Hold a scrap block of wood longer then the blade against the blade face and resting on the ferrule. Smack said block of wood with a hammer and voila, the handle will be removed with no danmage.



Von blewitt said:


> I was replacing the Wa- handle on a knife of mine which has quite a thick tang, I thought I'd made enough adjustment that by the time it was burnt on it would be a tight fit, but I was wrong,now I'm in limbo! I'm around 1cm short of having it fit properly and it won't go any further and I'm having a really hard time getting it off again. Are there any tricks for loosening the handle that wont do any permanent damage? Or any way to help it along that last cm
> 
> 
> 
> ...


----------



## Von blewitt (Oct 17, 2013)

Thanks Karl, that's what I've been doing but to no avail, I've taken quite a few handles off like that before but this one is proving particularly stubborn!
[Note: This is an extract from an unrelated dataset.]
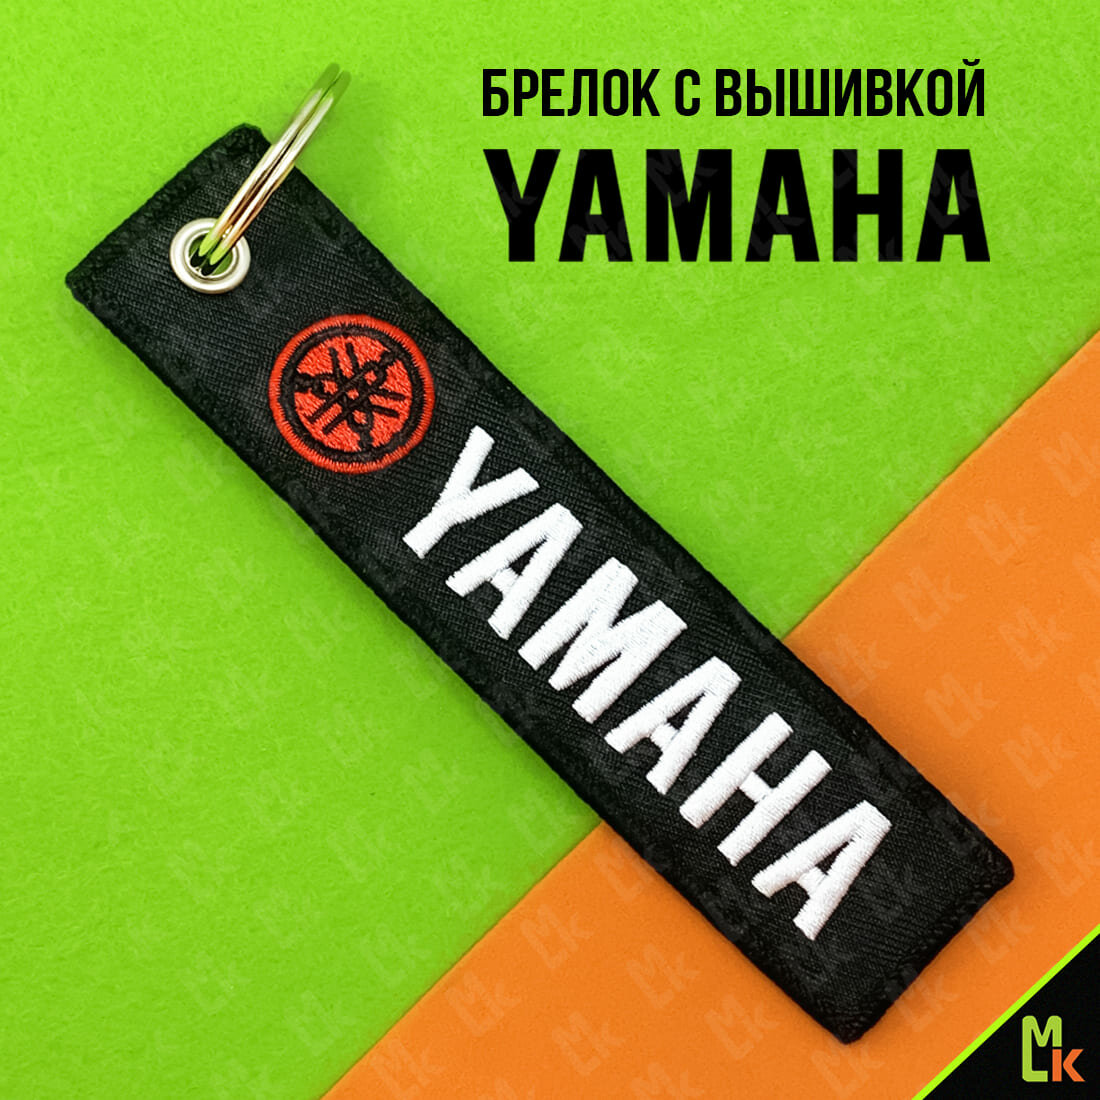 Тканевый брелок для авто мото портфеля ключей рюкзака сумки ремувка с вышивкой Yamaha Ямаха

I think I need a bigger hammer


----------



## Von blewitt (Oct 17, 2013)

Haha success!!!
Moral to this story, if at first you don't succeed try a bigger hammer


----------



## Hattorichop (Oct 17, 2013)

haha, Im glad you got it.


----------



## Marko Tsourkan (Oct 20, 2013)

Von blewitt said:


> Thanks Karl, that's what I've been doing but to no avail, I've taken quite a few handles off like that before but this one is proving particularly stubborn! I think I need a bigger hammer



Huw,
it's just friction. You need to strike a few times before you see some movement. A wood mallet is much kinder (and offers more control because of the wider surface) to your handles than a metal one. Put some masking tape on the edge or you might accidentally remove you fingers with the handle.


----------



## jklip13 (Oct 21, 2013)

try freezing, but make sure its bone dry before or else you will freeze it on. if its totally dry it will shrink the tang and widen the hole


----------



## pkjames (Oct 30, 2013)

it is a tricky business, glad you got it mate


----------